▶ _Data_:
────────────────

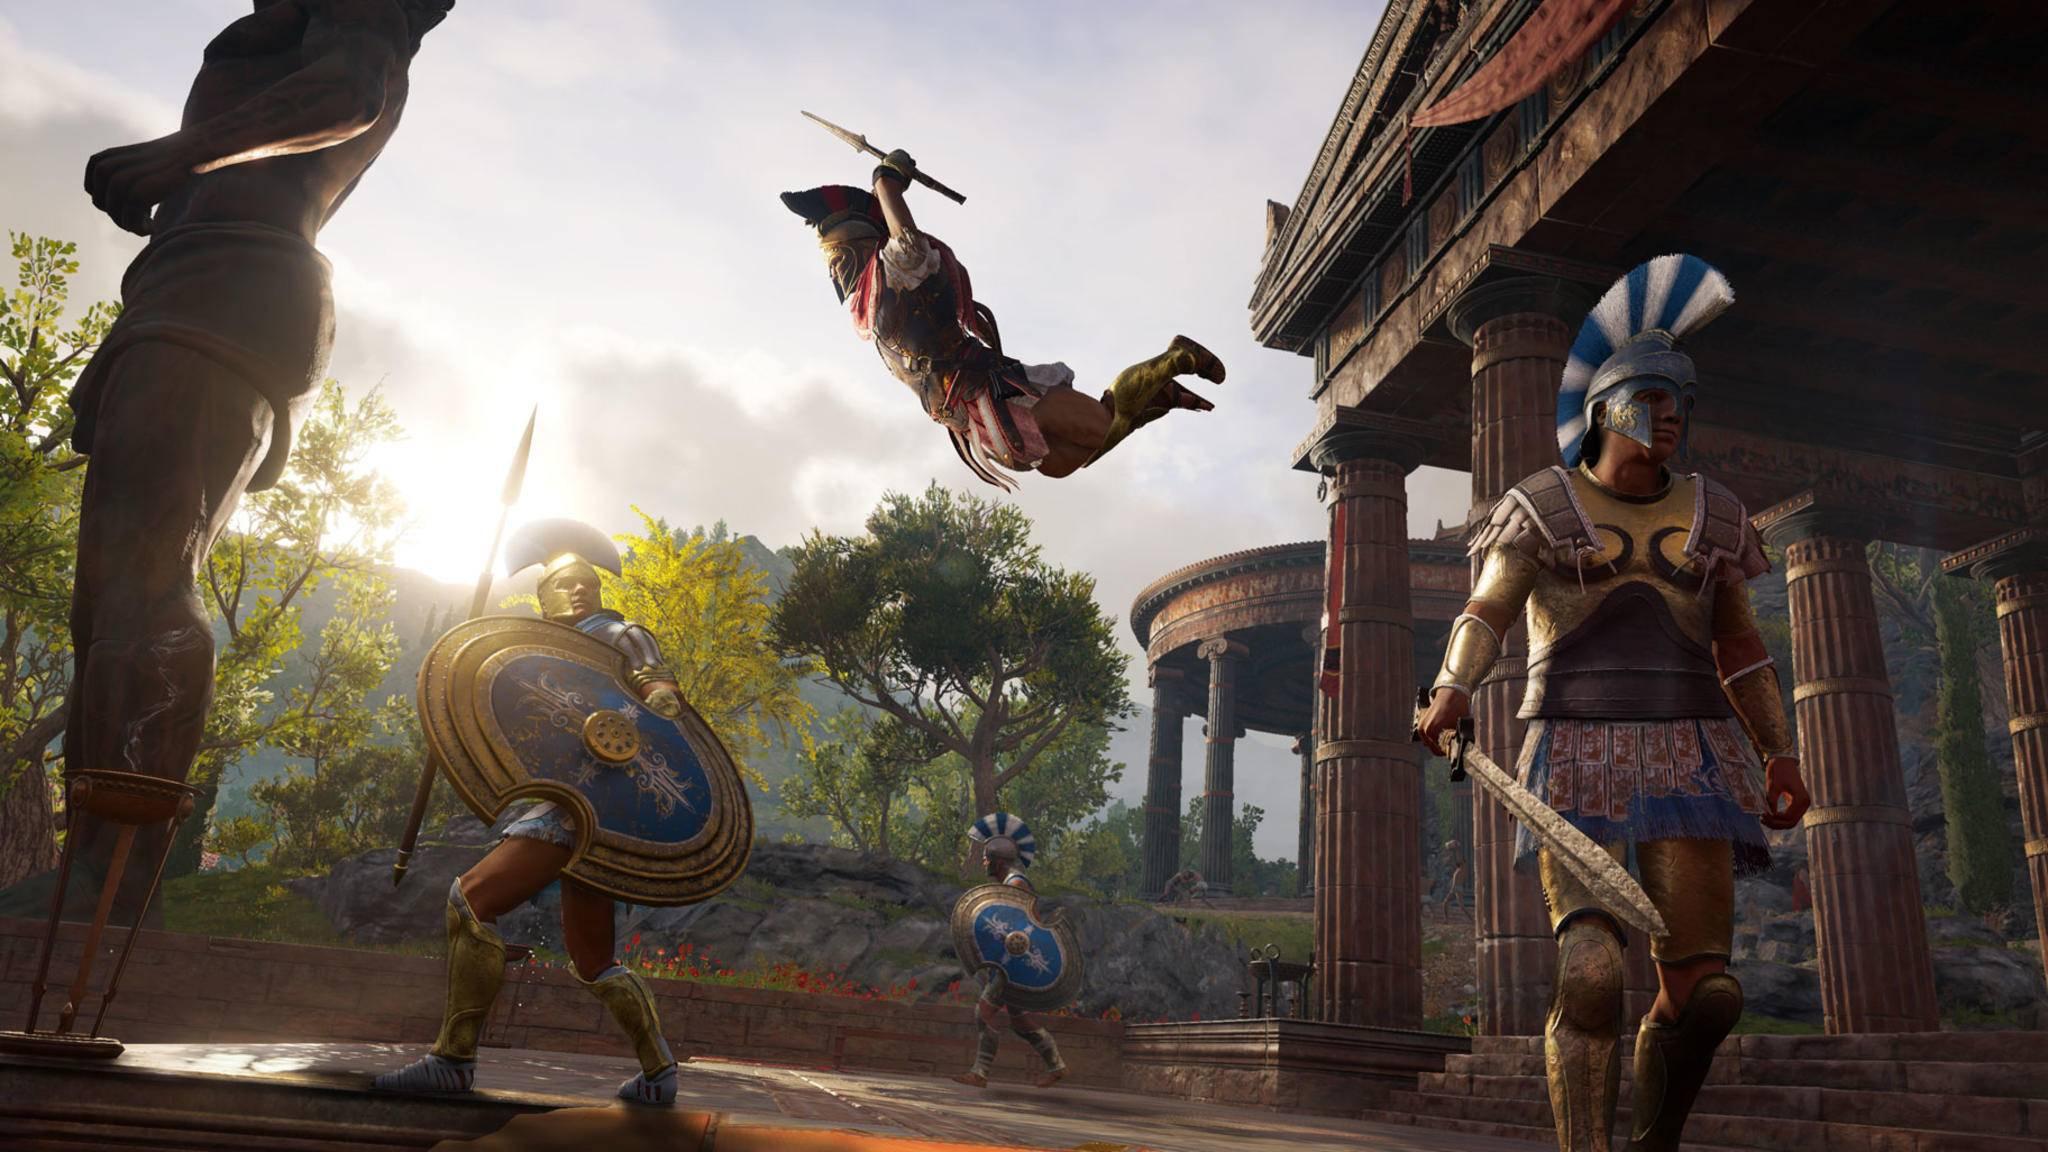 """Mehr als 30 Stunden Zwischensequenzen soll """"Assassin's Creed Odyssey"""" haben – da kann Dir Sokrates die eine oder andere Geschichte erzählen."""
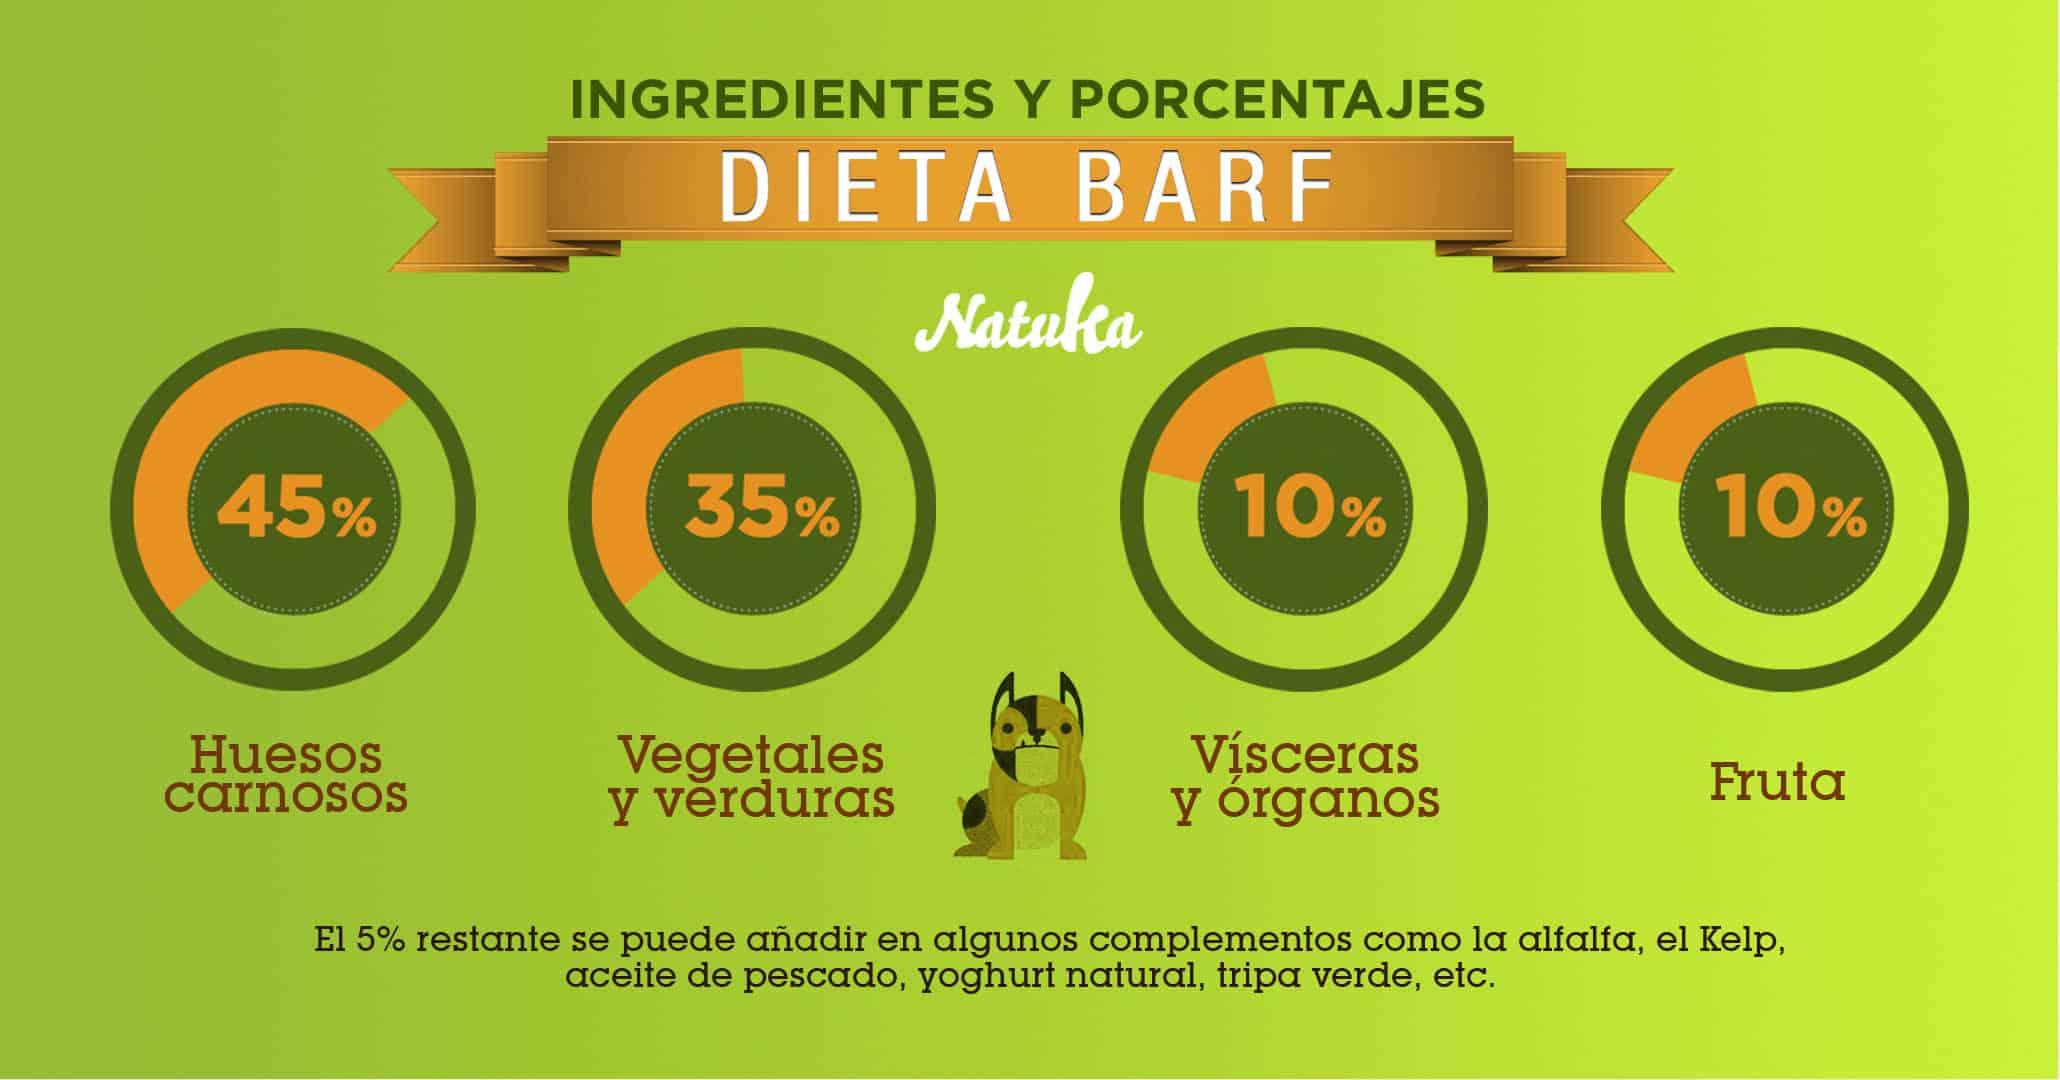 Ingredientes y porcentajes de la Dieta Barf para perros
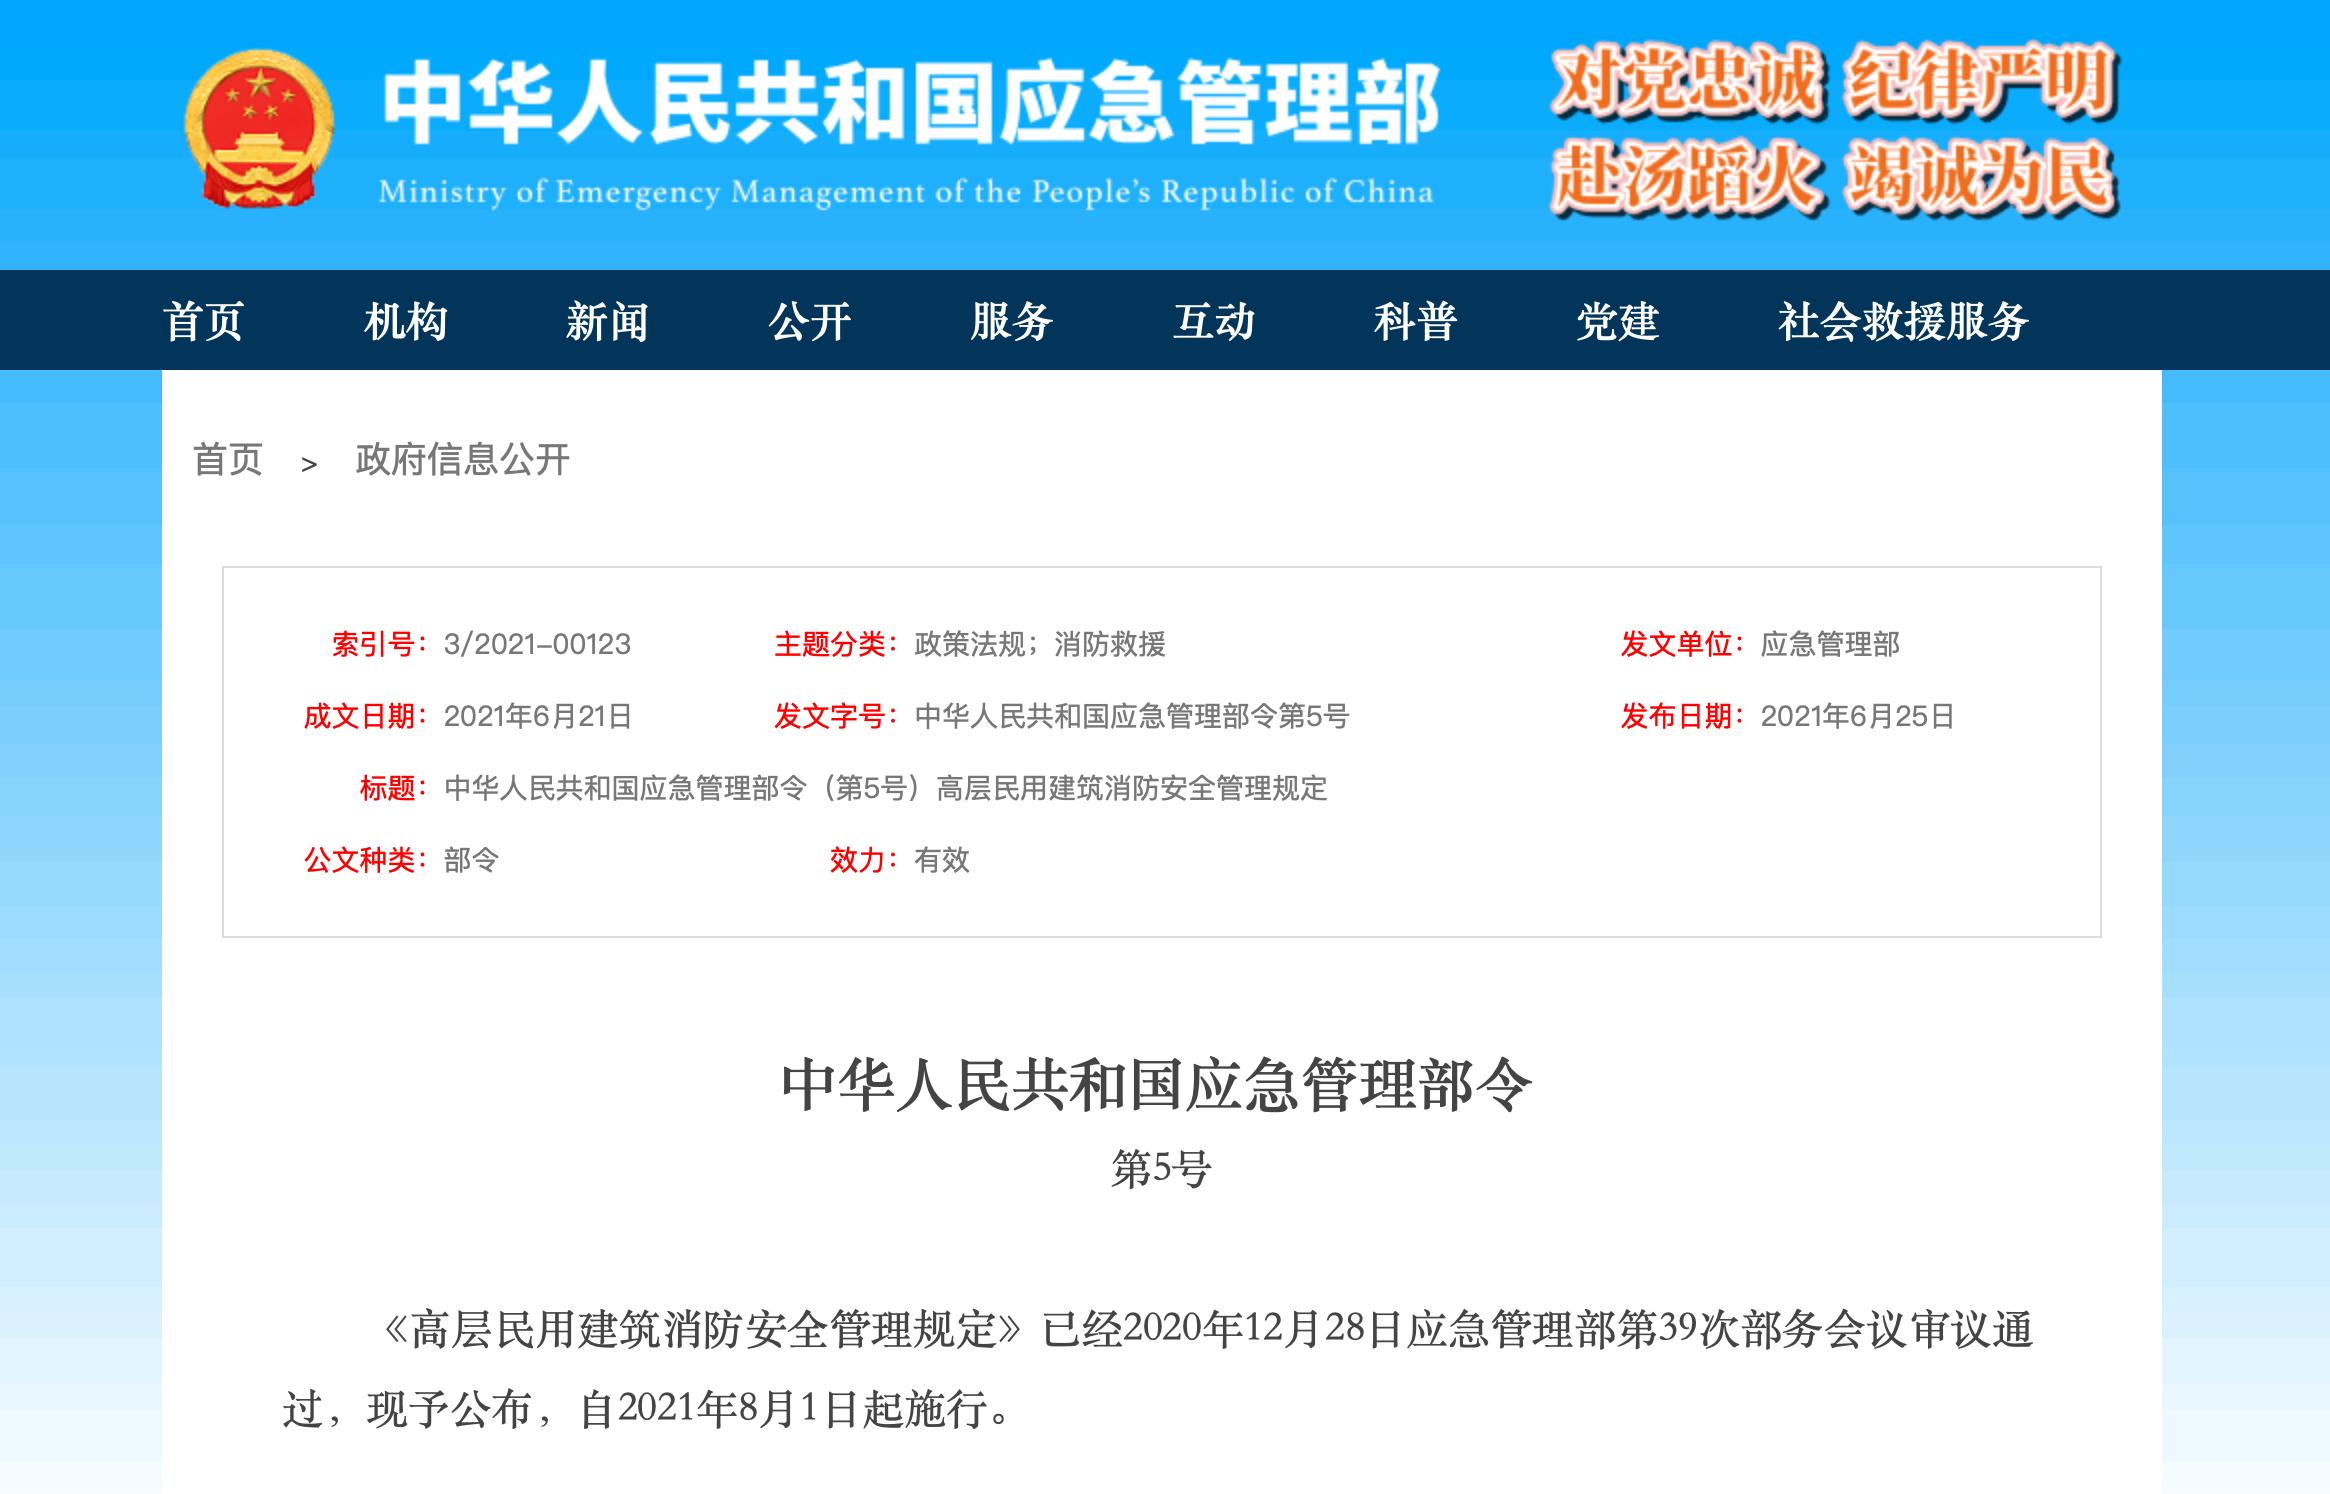 8月1日起,楼道内禁止停放电瓶车!违者罚款,最高1万

────────────────

▶ _What to produce_: Your task is to set down each line above verbatim while excluding the pictures.

▶ _Result for this exercise_:
 """Mehr als 30 Stunden Zwischensequenzen soll """"Assassin's Creed Odyssey"""" haben – da kann Dir Sokrates die eine oder andere Geschichte erzählen."""
 Ingredientes y porcentajes de la Dieta Barf para perros
 8月1日起,楼道内禁止停放电瓶车!违者罚款,最高1万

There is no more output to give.